Айзерман был действительно выдающимся человеком. Когда мы писали о нем книгу, то заметили, что он внес вклад в шесть разных областей теории управления. В 1964 году он стал лауреатом Ленинской премии за создание универсальной системы элементов промышленной пневмоавтоматики. Лаборатории, которую он создал, недавно исполнилось пятьдесят лет. Эта лаборатория занималась самыми разными задачами: управлением в живых системах, классической теорией управления и т. д. Конечно, сейчас она ведет не такую яркую работу, как раньше, но все равно лаборатория существует, я ею заведую и горжусь тем, что мы сохранили ее, несмотря на все сложности.

Из написанного им я бы отметил книгу «Логика, автоматы и алгоритмы». В течение приблизительно двадцати лет она оставалась классикой в своей области. «Метод потенциальных функций в теории обучения машин» – тоже одна из его известных работ. У него были выдающиеся работы и в области теории устойчивости.

Теперь я расскажу о стиле его работы с учениками. Когда я пришел в лабораторию, мне дали задачу и некоторое время мной не занимались. Я тогда очень удивлялся этому, но на самом деле этот подход оказался правильным. Таким образом выяснялось, образно говоря, сумеет ли лягушка выбраться или утонет, будет ли она барахтаться. Когда все увидели, что я, побарахтавшись, выплыл, то стали мною заниматься и занимались много.

Свою первую статью вместе с соавторами я писал два года. Оттачивалась буквально каждая фраза. Конечно, такой долгий срок был связан и с тем, что мы оказались первопроходцами в своей области и работали с еще не устоявшейся терминологией. До сих пор у меня очень серьезное отношение к тому, как пишутся работы. Я не могу себе позволить что-то написать небрежно. От первой до последней фразы (включая обозначения) – все должно быть перепроверено. Каждая фраза и каждое обозначение должны нести смысл. Более того, каждое обозначение также должно иметь мнемоническую компоненту, чтобы людям не пришлось через пять страниц вспоминать, что оно значит. Таков результат моего обучения в этой школе.

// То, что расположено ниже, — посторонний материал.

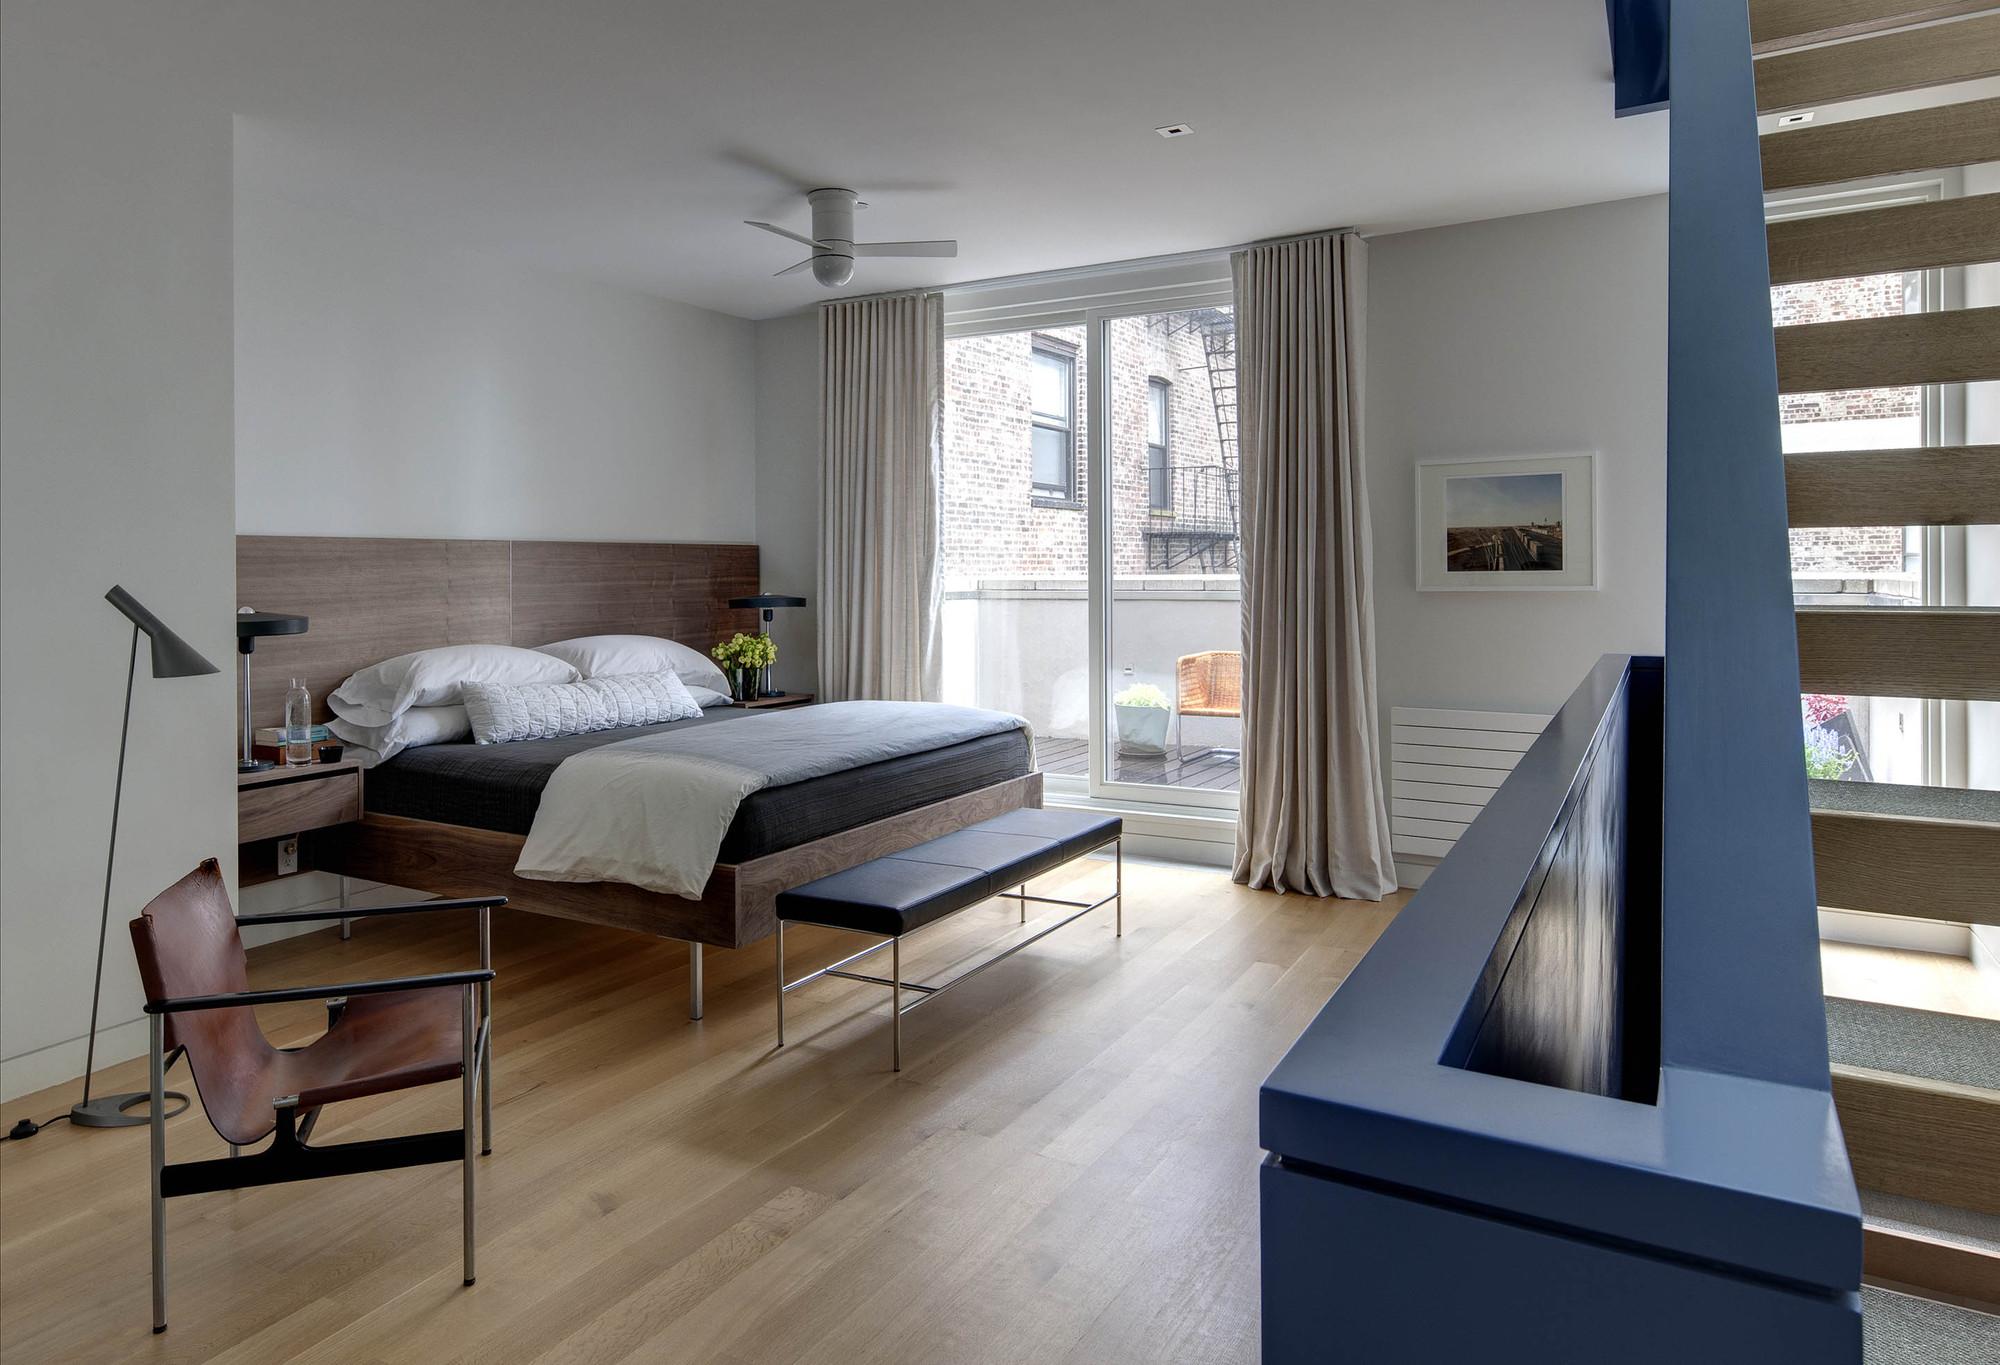 gallery of state street townhouse ben hansen architect 14. Black Bedroom Furniture Sets. Home Design Ideas

Говорят, что ученые – люди не от мира сего, рассеянные, забывчивые и т. д. Поверьте мне, я с очень многими выдающимися людьми общался, и все они были удивительно дисциплинированными. Наука – это внутренняя дисциплина. Про меня недавно сказали, что меня в Вышке ценят, в частности, за то, что я никогда не опаздываю. Это тоже влияние той школы, которую я прошел. Я за всю жизнь на лекции опоздал два раза, и оба раза не по своей вине.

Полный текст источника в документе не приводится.